The fact is insurance companies don’t offer any care. The fact is the most generous health benefit plans are negotiated plans, especially among public unions. The fact is large employers offer (more correctly used to offer) such plans to attract and retain workers and would be quite happy to reduce the value of their plans as has been happening for years (shifting costs to workers of course).
But the real fact missed is that these so-called generous plans among large employers and many unions are not insured at all, there is no “health insurance” as such and the insurance company that may be processing claims has no financial stake in what is spent on those claims. They are self-insured, self-funded by the employer or union and even when they are not, they are the product not of generosity, but of necessity in some manner.
And then we have “reimburse providers based on outcomes and quality rather than inputs and quantity.” What makes us think we can pay doctors on that basis when we can’t even apply that criteria to teachers?

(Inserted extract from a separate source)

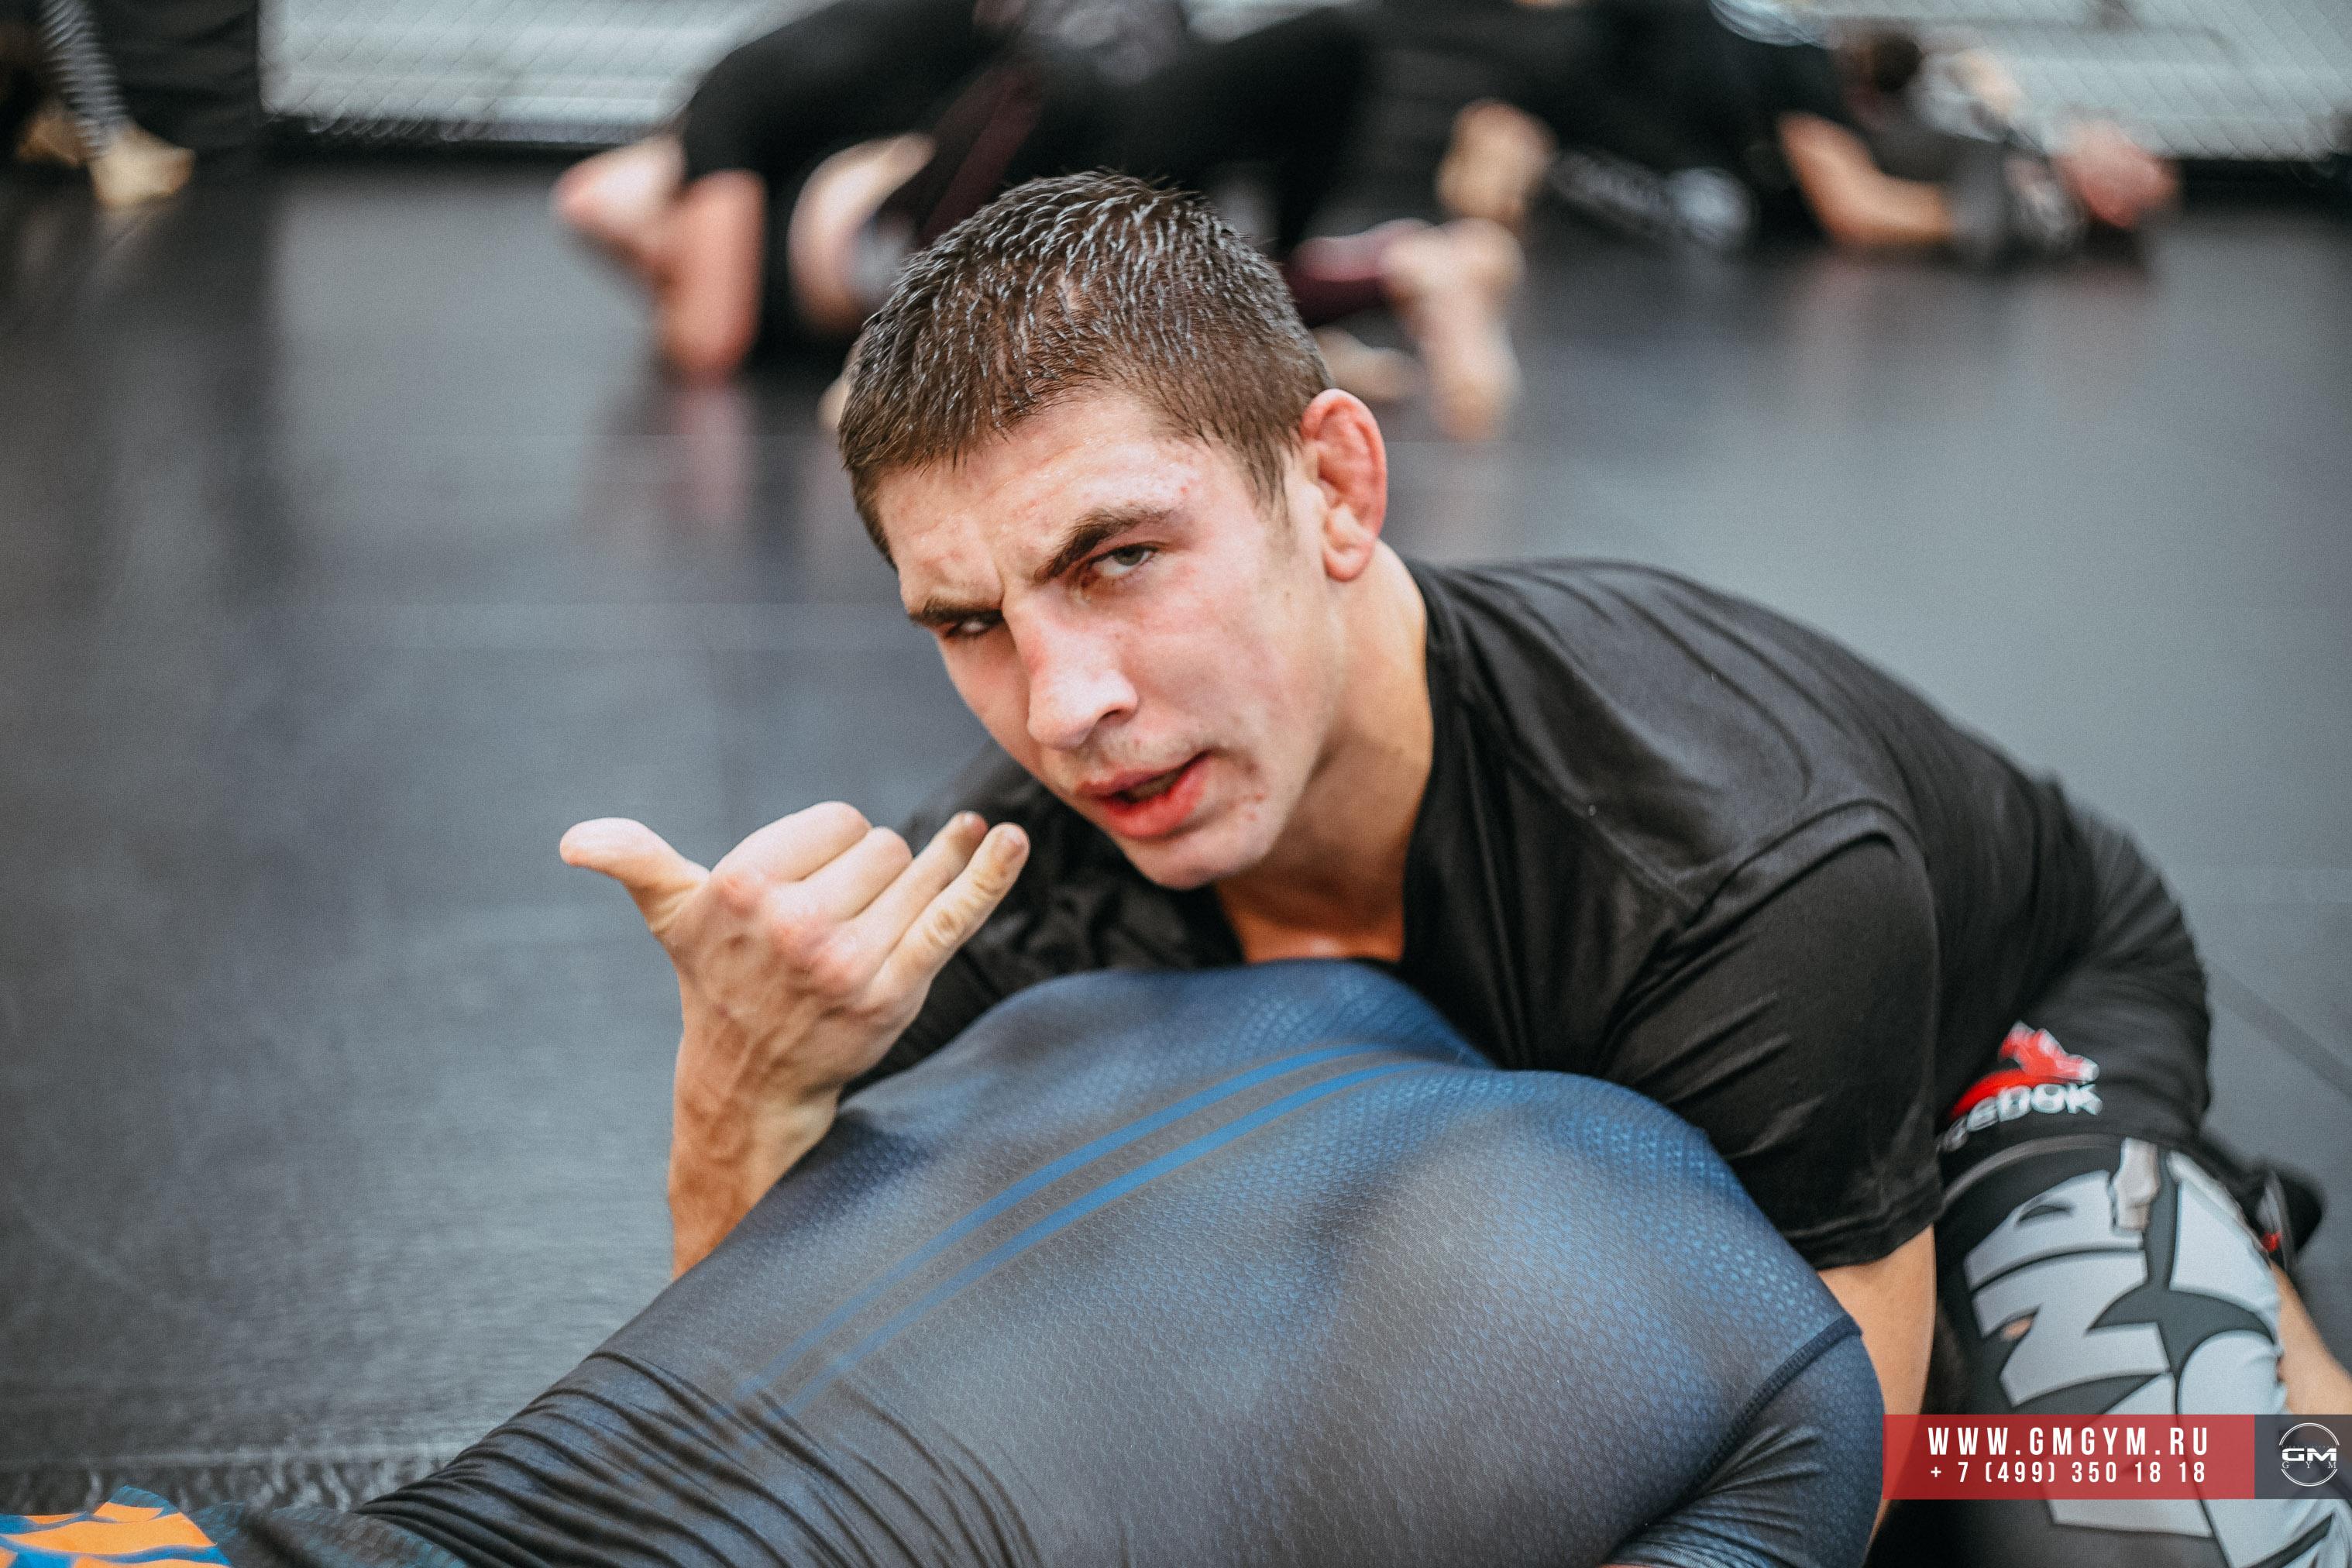 Виталий Слипенко тренер по ММА 10

The “do no harm” principle extends beyond the individual market, where about 1 in 6 Americans get their health care, according to the Census Bureau. To cut cost growth and improve quality, the administration will have to use other tools—many of them bipartisan—that have been created by Congress in recent years. These include delivery-system reforms in Medicare, which shift to payment models that reimburse providers based on outcomes and quality rather than inputs and quantity.
A Republican Congress under the leadership of Speaker John Boehner already expanded these reforms after they were originally passed as part of the Affordable Care Act. The “Cadillac tax,” which encourages insurance companies not to offer overly expensive care, should also stay. Neither of these policies requires congressional action. The administration simply has to implement the law as written.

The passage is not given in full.